This notebook gives an introduction to the integration of Spark and GOR using the Google Colab environment. To use this notebook in a meaningful way, you will need to have access to some data in the GOR format, such as the reference data available as part of the GOR Open Source project. 

This notebook can be run in one of two ways:

* Connect to a hosted Jupyter runtime with Google Drive
* Connect to a local Jupyter runtime with local file storage

For the purposes of this demonstration, we will be using a local Jupyter runtime, which is setup as described on the following page: https://research.google.com/colaboratory/local-runtimes.html



## Initial setup

In order to run the examples that are outlined in this notebook, you must first install pyspark and numpy locally using your package manager. For example, if you use pip to install Python packages, you can use the following commands to install the necessary packages:

In [None]:
!pip3 install pyspark
!pip3 install gor_pyspark

It is advisable to do this before running your local Jupyter server so that the modules will be available to you in the Jupyter environment.

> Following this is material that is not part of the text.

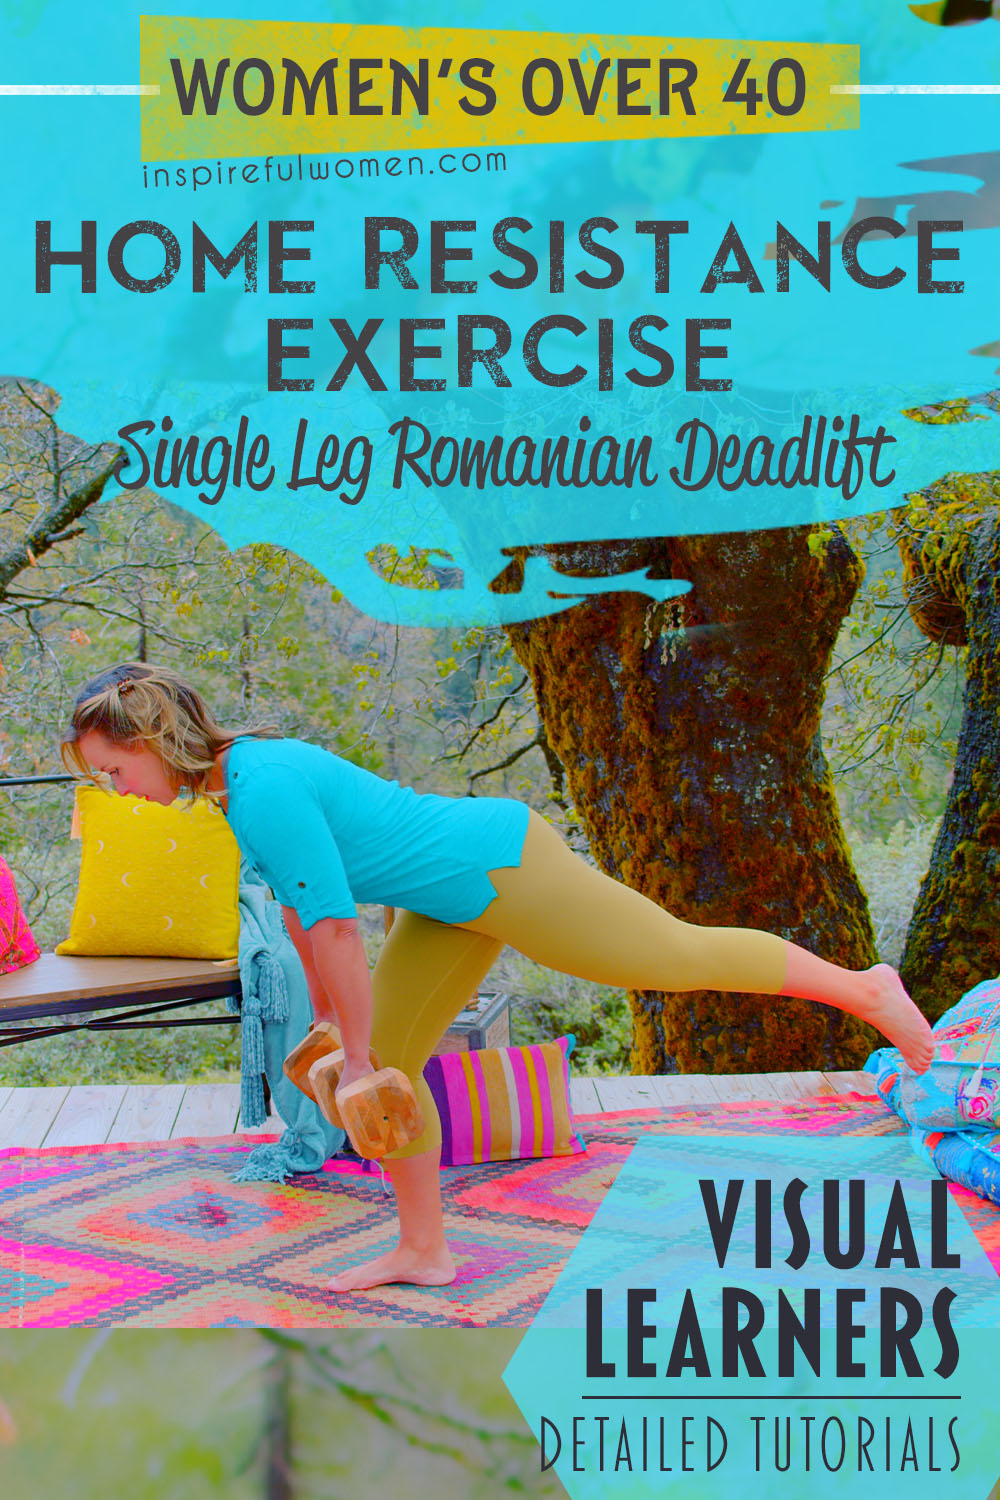 one-straight-leg-deadlift-romanian-dumbbell-squat-alternative-hamstrings-glutes-exercise-women-40+

You should also ensure that the Jupyter server is using Python 3 because of dependencies needed by pyspark. An example is shown here:

In [None]:
export PYSPARK_PYTHON=/usr/local/bin/python3

## Hosted Jupyter runtime

It is also possible to connect to a hosted Jupyter server by selecting **Connect to hosted runtime** in the dropdown menu at the top of this page. Keep in mind that the memory settings for this method are limited to what is made available by the Google Colab environment. These settings should be sufficient to run any of the examples here.

The files are shared at the following location: https://drive.google.com/drive/folders/1lM6YKPZIexb_1D8pk6KnVd5AXn0Jp0ek if you wish to use this method.

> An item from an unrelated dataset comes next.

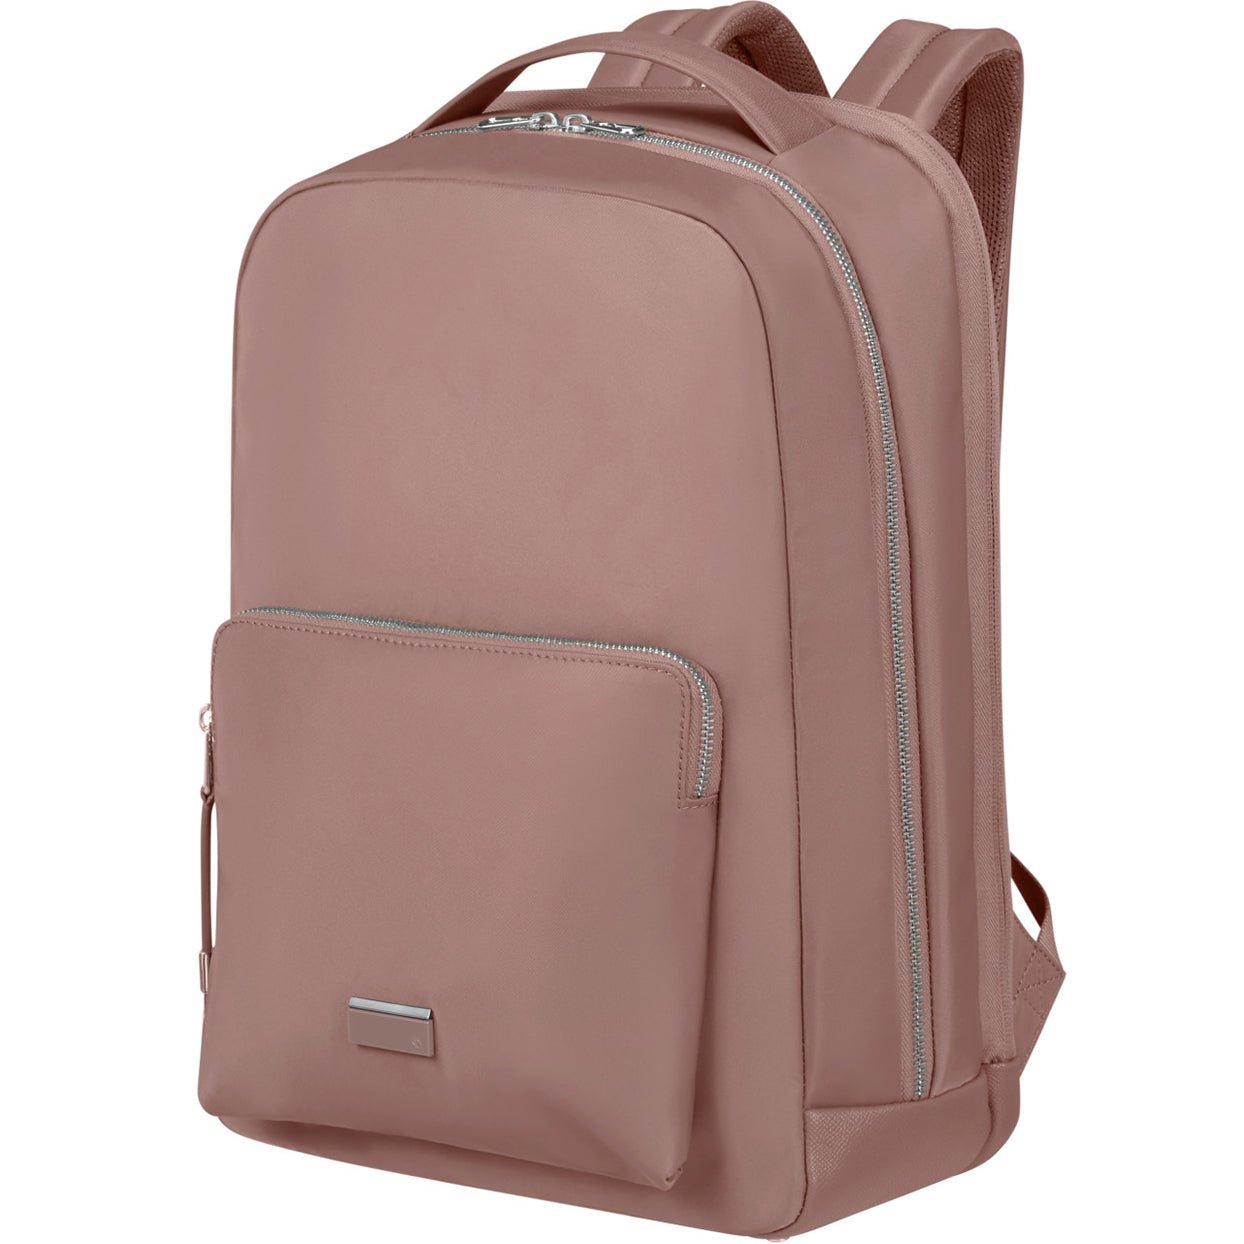 Samsonite Be-Her Backpack 40 cm - Antique Pink

You will need to set up the files within your Google Drive. Note that the necessary files for the examples are over the free limit for Drive and you will need to have a higher storage limit.

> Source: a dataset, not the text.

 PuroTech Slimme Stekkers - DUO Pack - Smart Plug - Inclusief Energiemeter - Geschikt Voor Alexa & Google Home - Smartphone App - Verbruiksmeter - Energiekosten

Use the following code block to mount the Google Drive and make the folder accessible to the hosted runtime.


In [None]:
# Mount Google Drive
from google.colab import drive
drive.mount('/content/drive')

## Setting up the reference data and PheCode

To install and run a local Jupyter server, please follow the instructions on this page: https://research.google.com/colaboratory/local-runtimes.html

You must also download the reference data and PheCode files as outlined on the following sections of the GOR open source project: 

* [Set up the reference data](https://github.com/gorpipe/gor#setting-up-reference-data-optional)
* [Set up the PheCode GWAS data](https://github.com/gorpipe/gor#setting-up-phecode-gwas-data-optional)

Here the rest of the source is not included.